Hopefully Anonymous, my point is that optimal is functional. If we find that our “optimal” policy is not functional, we need to expand the scope of our cost-benefit analysis.
If enough people are seriously disgusted by the possibly of compulsory trials (and I think they would be), the policy is unlikely to pass a cost-benefit test. When people balk that a particular policy will take their freedom, they are essentially saying “this policy would cause me harm, since I value my freedom.” We need to look outside the most obvious costs and benefit when we evaluate policies.

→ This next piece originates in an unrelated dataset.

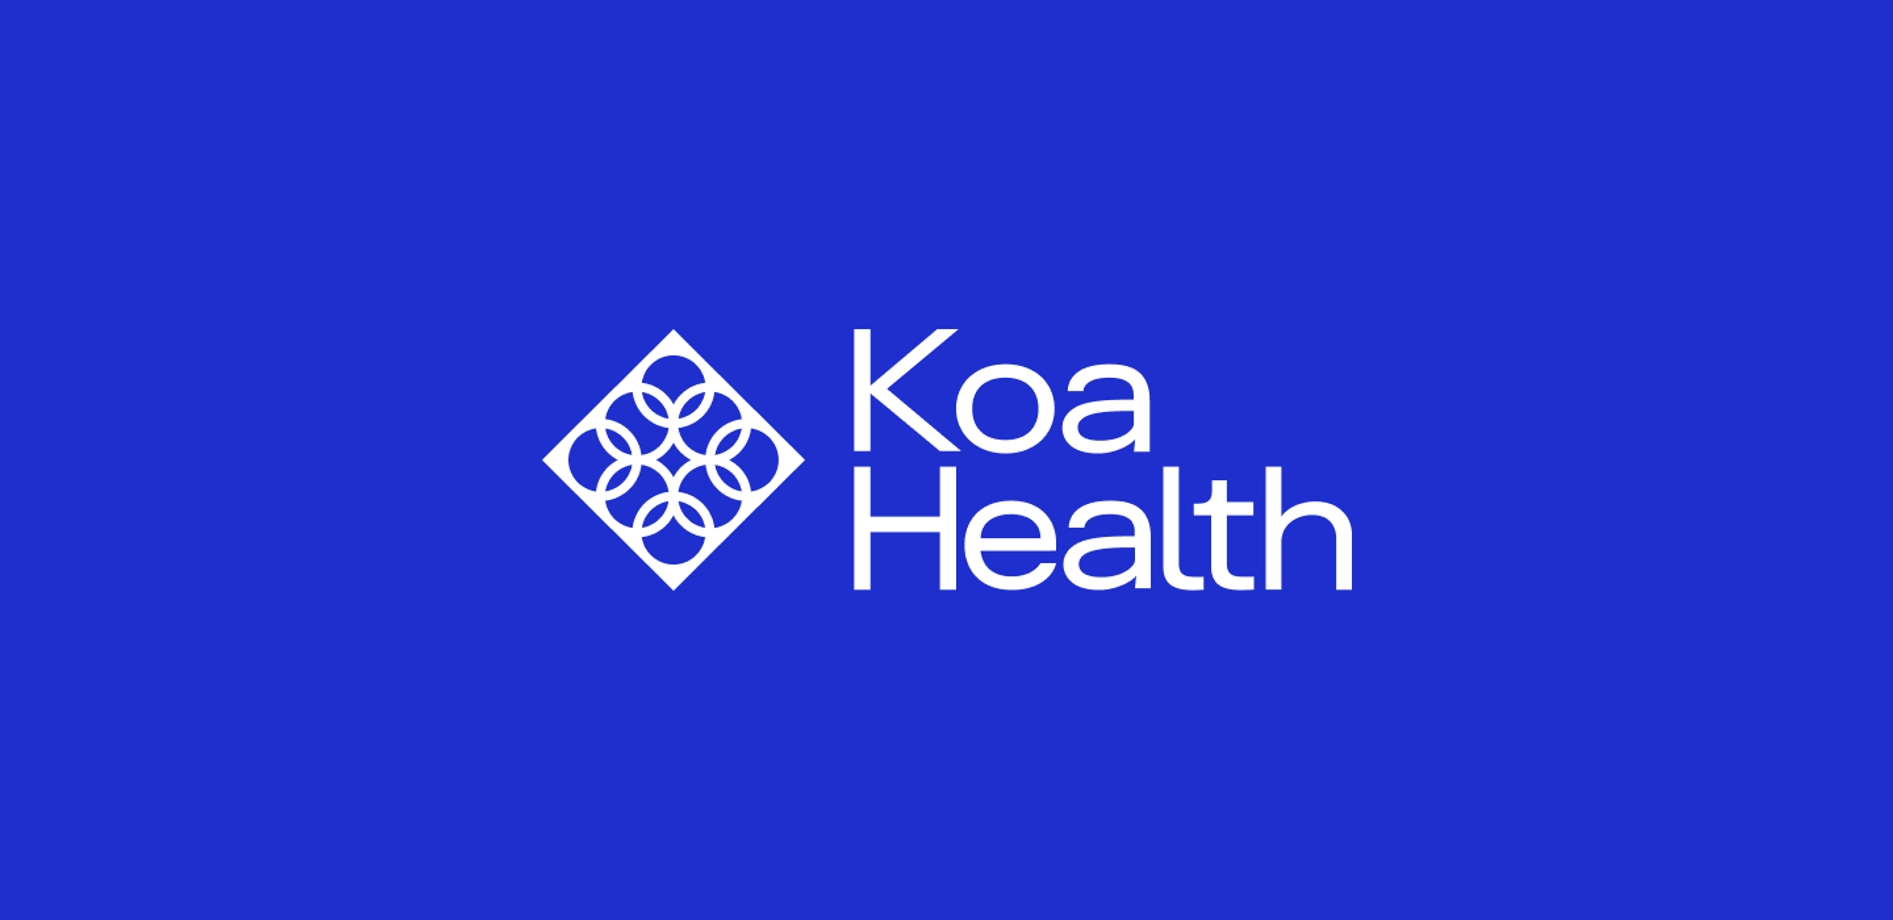 Koa Health logo on on a field of deep blue

A related example: by superficial utilitarian standards, compulsory medical trials for only the lowest-income members of society might seem a better policy than randomized trials in which anyone can be chosen regardless of economic status. After all, high-income people are far more likely to be meaningfully contributing to society. But the “poor only” law plainly violates our sense of equity and fairness, which is equivalent to saying it imposes large costs on us.
So I don’t think, as savagehenry says, that a society built on minimizing harm would be much less free, provided we define “harm” sufficiently broadly. People value their freedom too highly, and loss of freedom is quite harmful given these values.
Chapter 11 of the 9/11 commission’s report, available here, shows the commission was very wary of hindsight bias. The failure to prevent the attacks is said to represent a “failure of imagination,” meaning the intelligence community used the wrong model in evaluating terrorist threats.